Defining the Dataproc connection parameters - 7.2

Spark Streaming

English (United States)
Talend Big Data
Talend Big Data Platform
Talend Data Fabric
Talend Open Studio for Big Data
Talend Real-Time Big Data Platform
Talend Studio
Design and Development > Designing Jobs > Job Frameworks > Spark Streaming

Complete the Google Dataproc connection configuration in the Spark configuration tab of the Run view of your Job. This configuration is effective on a per-Job basis.

Only the Yarn client mode is available for this type of cluster.

The information in this section is only for users who have subscribed to Talend Data Fabric or to any Talend product with Big Data but it is not applicable to Talend Open Studio for Big Data users.


  1. Enter the basic connection information to Dataproc:

    Project identifier

    Enter the ID of your Google Cloud Platform project.

    If you are not certain about your project ID, check it in the Manage Resources page of your Google Cloud Platform services.

    Cluster identifier

    Enter the ID of your Dataproc cluster to be used.


    Leave the default value global as is, since this is the only region which the Studio supports for Google Cloud Platform.

    Google Storage staging bucket

    As a Talend Job expects its dependent jar files for execution, specify the Google Storage directory to which these jar files are transferred so that your Job can access these files at execution.

    The directory to be entered must end with a slash (/).

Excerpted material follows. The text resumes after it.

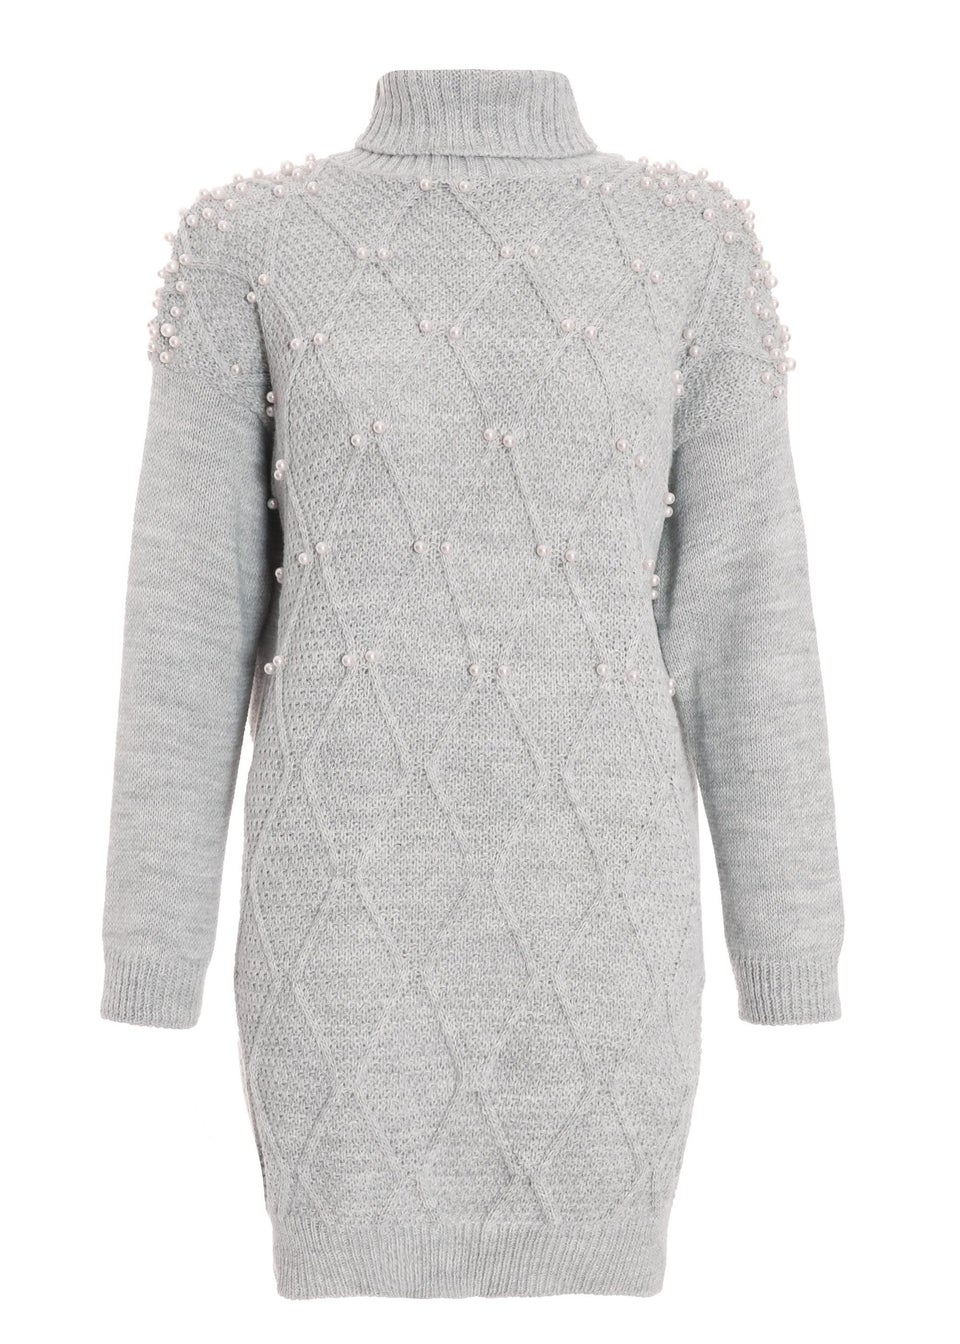 Quiz Grey Knitted Pearl Embellished Jumper Dress
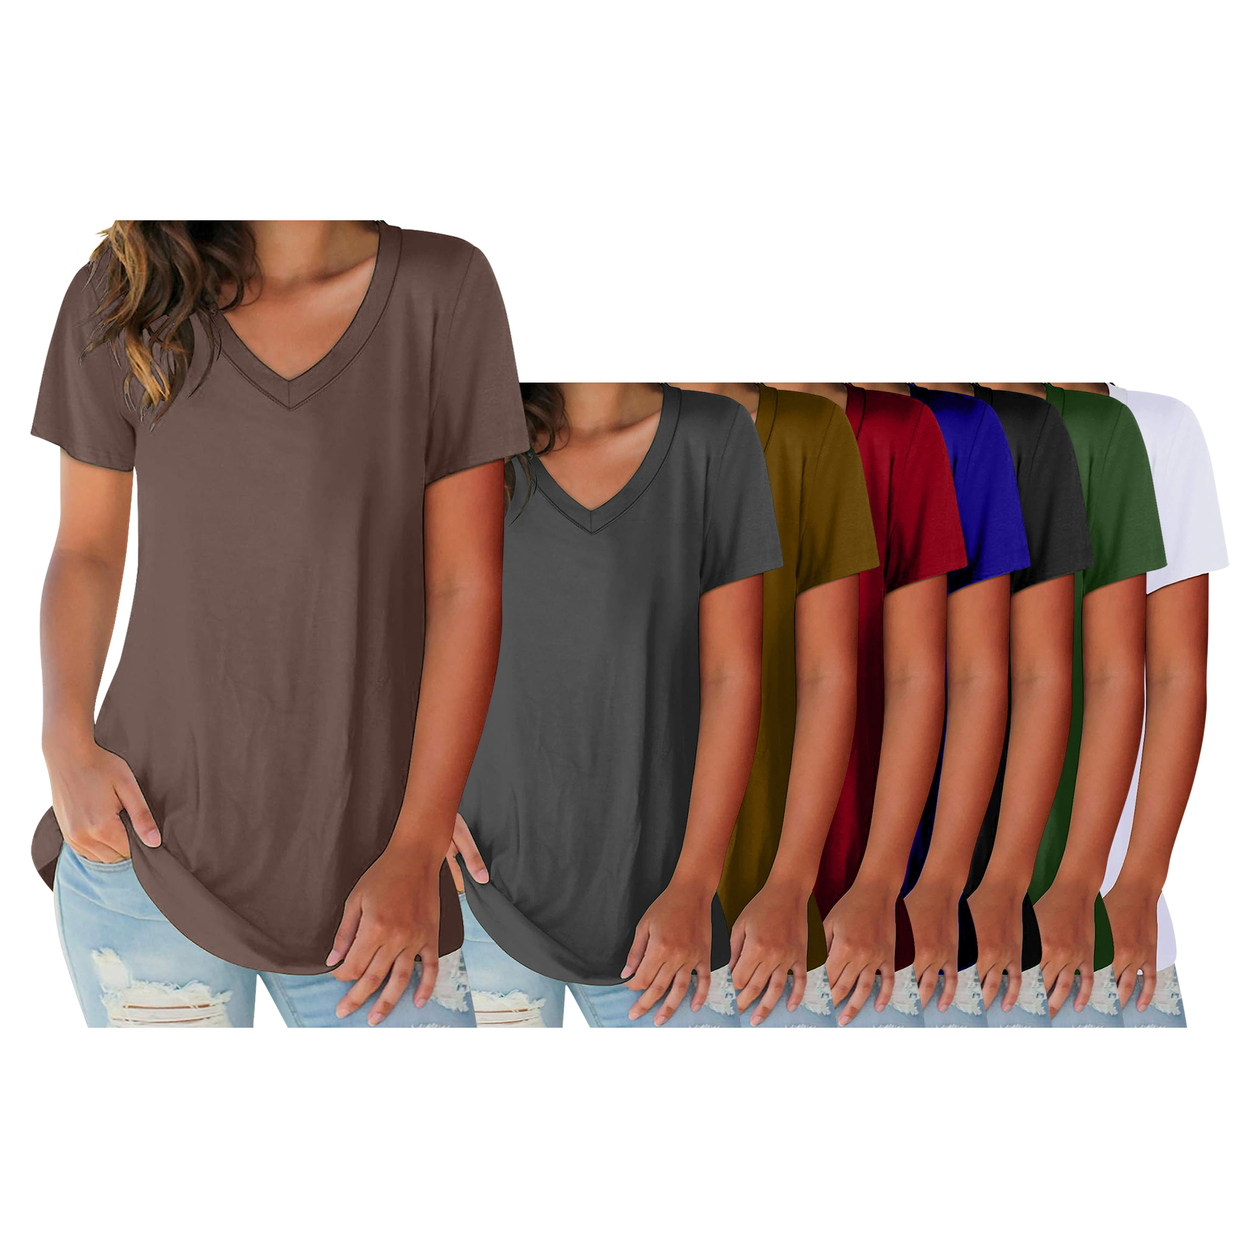 3-Pack: Women's Ultra Soft Smooth Cotton Blend Basic V-Neck Short Sleeve Shirts - Black, White, Green, Small

If not existing, the directory is created on the fly but the bucket to be used must already exist.

  2. Provide the authentication information to your Google Dataproc cluster:

    Provide Google Credentials in file

    Leave this check box clear, when you launch your Job from a given machine in which Google Cloud SDK has been installed and authorized to use your user account credentials to access Google Cloud Platform. In this situation, this machine is often your local machine.

    When you launch your Job from a remote machine, such as a Jobserver, select this check box and in the Path to Google Credentials file field that is displayed, enter the directory in which this JSON file is stored in the Jobserver machine.

    For further information about this Google Credentials file, see the administrator of your Google Cloud Platform or visit Google Cloud Platform Auth Guide.

  3. With the Yarn client mode, the Property type list is displayed to allow you to select an established Hadoop connection from the Repository, on the condition that you have created this connection in the Repository. Then the Studio will reuse that set of connection information for this Job.
  4. In the Spark "scratch" directory field, enter the directory in which the Studio stores in the local system the temporary files such as the jar files to be transferred. If you launch the Job on Windows, the default disk is C:. So if you leave /tmp in this field, this directory is C:/tmp.